Page MenuHomePhabricator

mariadb on dbstore hosts, and specifically dbstore1004, possible memory leaking
Closed, DeclinedPublic

Description

dbstore1004 seems to be having an excessive amount of memory consumption that keeps growing over the time until it is restarted. It has been done at least twice. Thanks to memory monitoring, this is under control, but it would be nice to understand if there is a clear underlying issue causing them.

Screenshot_20201214_173325.png (885×2 px, 102 KB)

https://grafana.wikimedia.org/d/000000377/host-overview?viewPanel=4&orgId=1&refresh=5m&var-server=dbstore1004&var-datasource=thanos&var-cluster=mysql&from=1592152359067&to=1607963559067

Screenshot_20201214_173721.png (808×1 px, 83 KB)

https://grafana.wikimedia.org/d/000000278/mysql-aggregated?viewPanel=12&orgId=1&from=1607942246916&to=1607963846917&var-site=eqiad&var-group=core&var-shard=All&var-role=All

Event Timeline

This is not a huge concern since we have memory monitoring T172490, but adding it here for tracking, so we can research at a later time if possible.
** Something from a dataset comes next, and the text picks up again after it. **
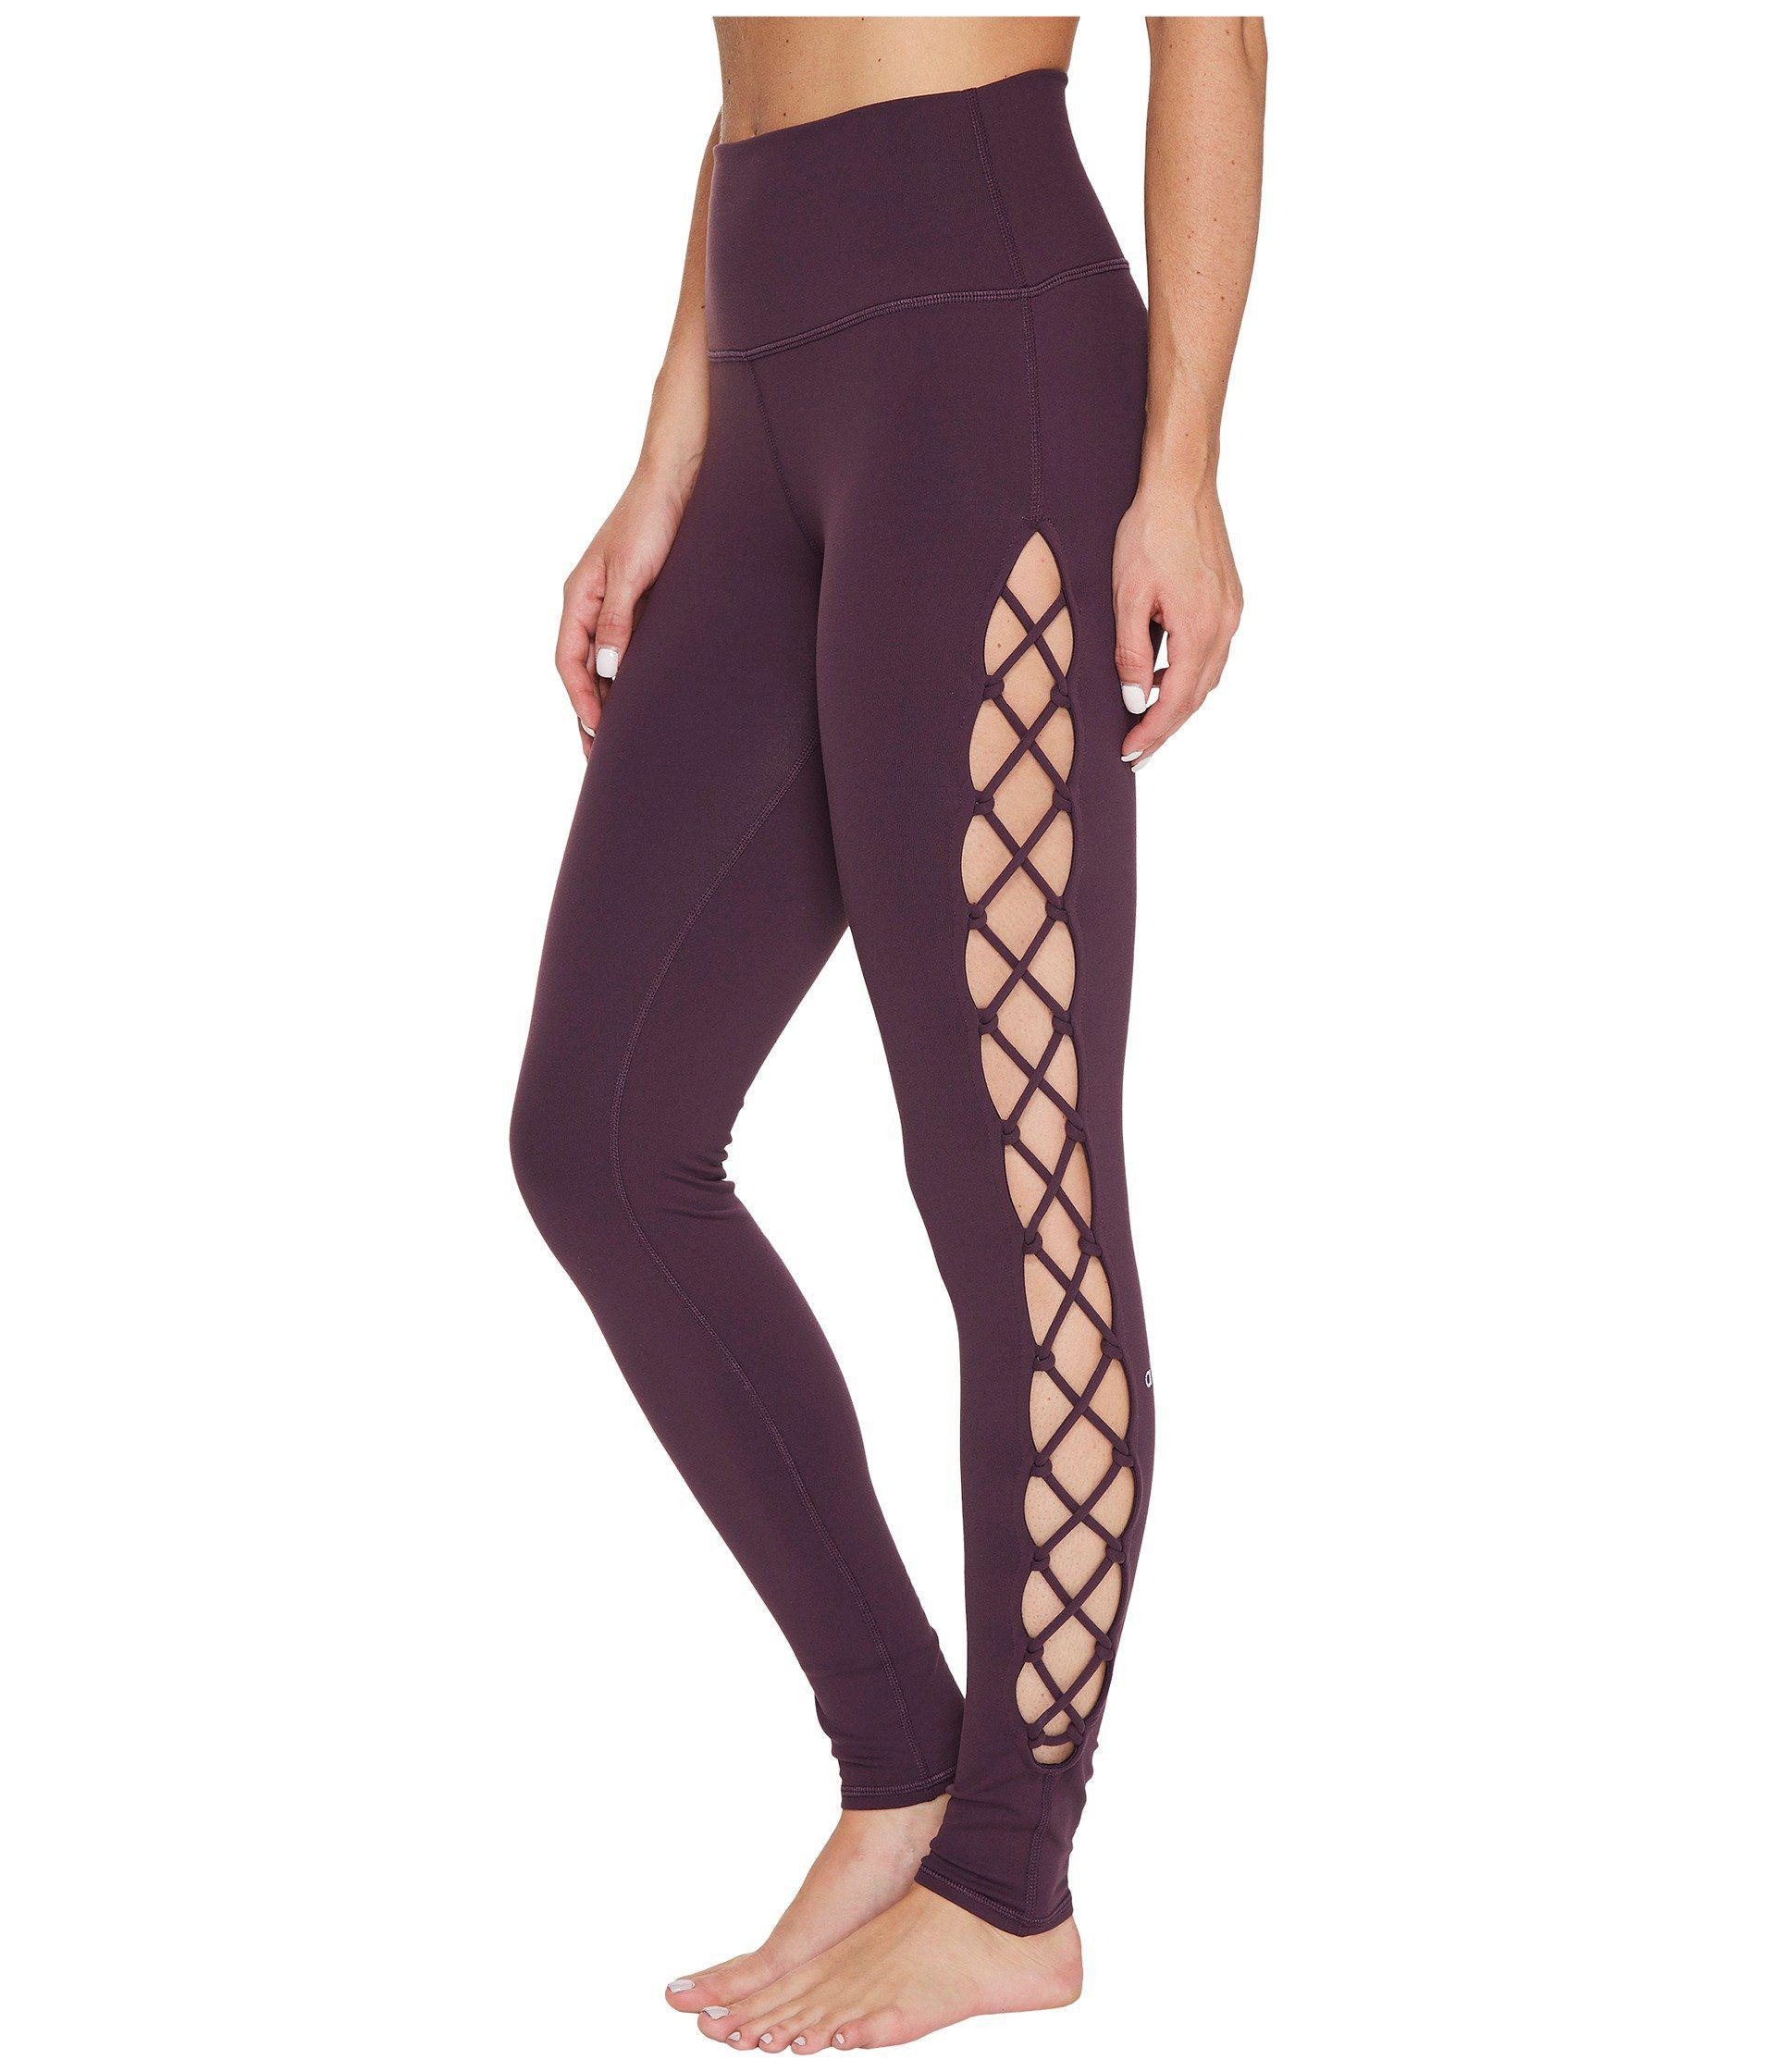 492f287d54 Lyst - Alo Yoga Interlace Leggings in Purple
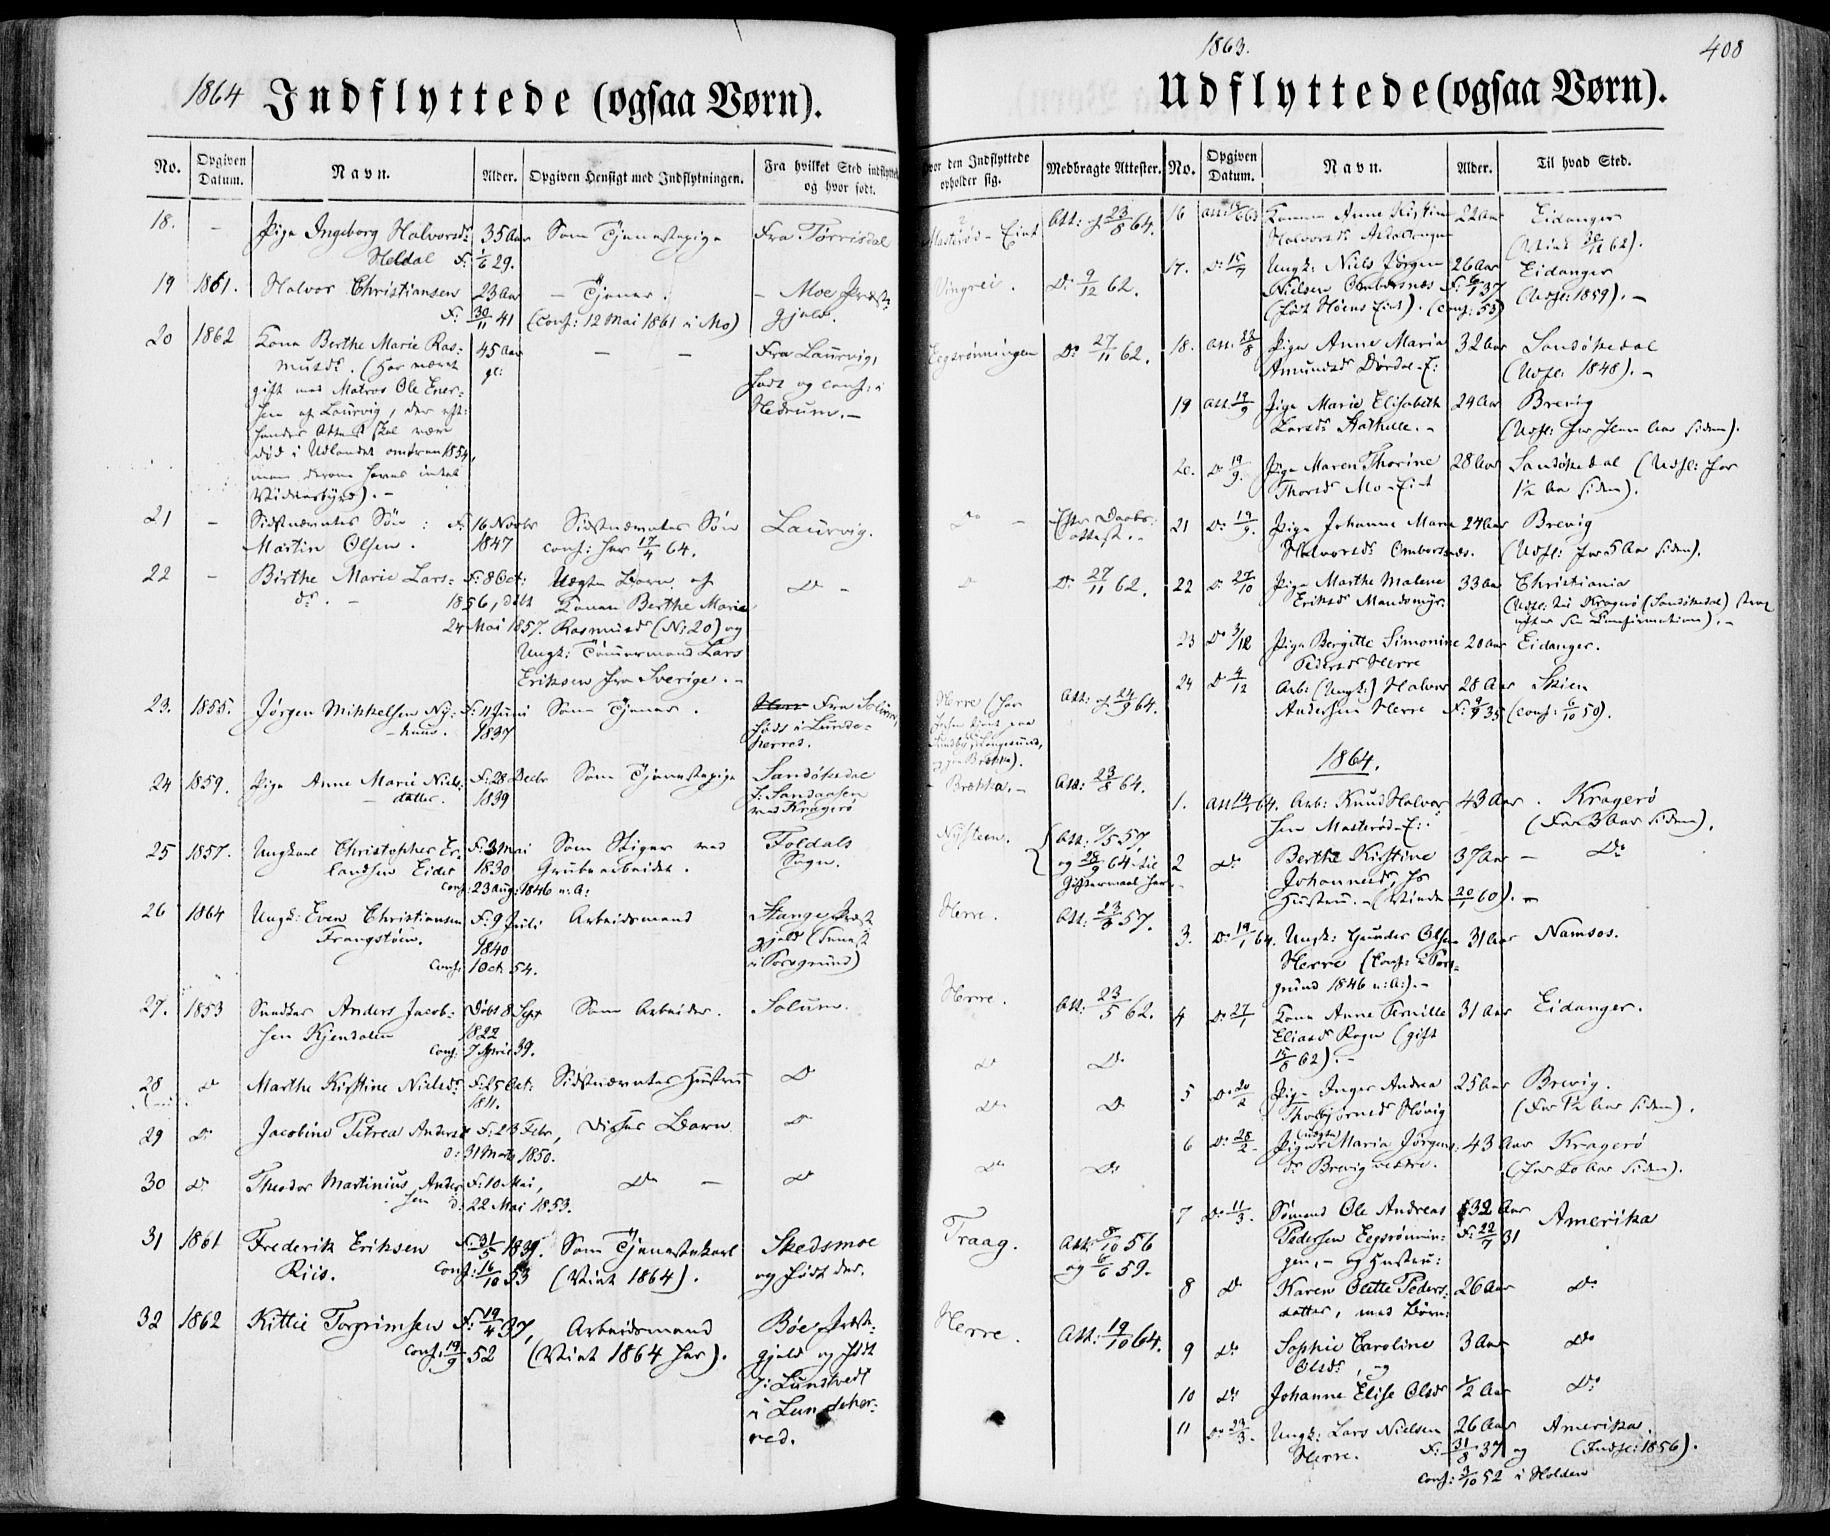 SAKO, Bamble kirkebøker, F/Fa/L0005: Ministerialbok nr. I 5, 1854-1869, s. 408

Scheduling a restart for now.

Mentioned in SAL (#wikimedia-operations) [2020-12-16T11:10:09Z] <jynus> stopping and restarting dbstore1004 to mitigate (short term) T270112

dbstore1004 again at 90% memory usage.

Change 673849 had a related patch set uploaded (by Elukey; owner: Elukey):
[operations/puppet@production] Reduce buffer pool memory for dbstore1004's mariadb instances

https://gerrit.wikimedia.org/r/673849

Change 673849 merged by Elukey:
[operations/puppet@production] Reduce buffer pool memory for dbstore1004's mariadb instances

https://gerrit.wikimedia.org/r/673849

Restarted all instances on dbstore1004 today :(

dbstore1004 is no more, and for dbstore1007 we have T290841: dbstore1007 is swapping heavilly, potentially soon killing mysql services due to OOM error
dbstore1003 and dbstore1005 look fine, closing this.